Adding rigor was not a good argument for IB, according to Barry, who said, “Rigor already abounds in the halls and classrooms of MMS,” noting the many advanced ELA and math classes, world languages and expanded electives.

In addition, she said, “Core content standards and PARCC have put great stress on an already full curriculum.” She added, “No one of us can do his best when pulled in several different and often contradictory directions.”

“My purpose tonight is to ask the board to please consider not funding IB any longer” as, Barry said, it is not addressing students most urgent needs. “Please put an end to IB and allow our children to focus on getting off the focus schools list and to allow each child to achieve his best.”

Ryan Varney, a teacher at MMS for seven years, likewise said that IB should be ended: “Over the course of the last three years, the district cut numerous special education teachers and doesn’t have enough funding to purchase the sufficient amount of licenses for successful reading and mathematics programs for our students. We are cutting staff and don’t have enough funding for out most needy students. Doesn’t that concern anyone?”

Varney added, “Our priorities as a district need to shift to support our students in our most crucial areas such as our special education program.” She also said that the district needed to support students who are not classified but who are reading below grade level.

George Mauritzen, an MMS math teacher for 18 years asked, “Is there any evidence of MYP closing the achievement gap?

Eights grade language arts teacher and team leader Anna Herstatt said teachers were “scrambling” to be masters in many initiatives including “Common Core, PARCC, the Danielson Framework, SGOs, SGPs, PDPs, revised curriculums, new technologies, school-wide and department goals, and a plethora of other concerns.” She said that IB was distracting and taking important energy needed for other initiatives.

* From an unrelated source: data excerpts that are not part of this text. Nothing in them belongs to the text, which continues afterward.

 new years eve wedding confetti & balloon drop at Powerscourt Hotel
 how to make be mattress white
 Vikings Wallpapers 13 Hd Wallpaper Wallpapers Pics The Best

“Help us help your children,” said Herstatt. “Remove IB from your program.”

Toi Jackson, a 6th grade history teacher at MMS and a South Orange resident, said that she was “upset that my tax payer dollars are going to this IB program.”

Jackson also made a plea to the Board to “open your ears to the teachers in this district who are in the trenches of the classroom.” She said the teachers were not speaking for themselves “but for our students.”

“We have been the first to implement the program as 6th grade teachers. We gave it a chance before we stood here today … and we just ask that you hear what we’re saying tonight.”

Mark Terenzi, a science teacher at MMS 15 years, echoed Jackson’s comments. “We’ve really given this a chance. You haven’t seen us here. We’re been really trying to make this work and we’re really at the point now where it’s not working.”

Ryan O’Dell, a 6th grade LA at MMS for 19 years, said that although teachers were initially excited about IB, the “IB unit planner is unnecessarily complex.” He said that no one was available to answer teachers’ increasing volume of questions about IB and noted that the MMS principal, IB coordinator and “IB-supporting” superintendent had left the district. Utlimately, he said, IB was hindering teachers’ “time and ability to focus on the art of teaching.”

Mary Dugan, who teaches math at MMS, concluded, “[IB] has done nothing for my students and for teaching other than cause frustration, waste a great deal of time and unfortunately the taxpayers’ money.”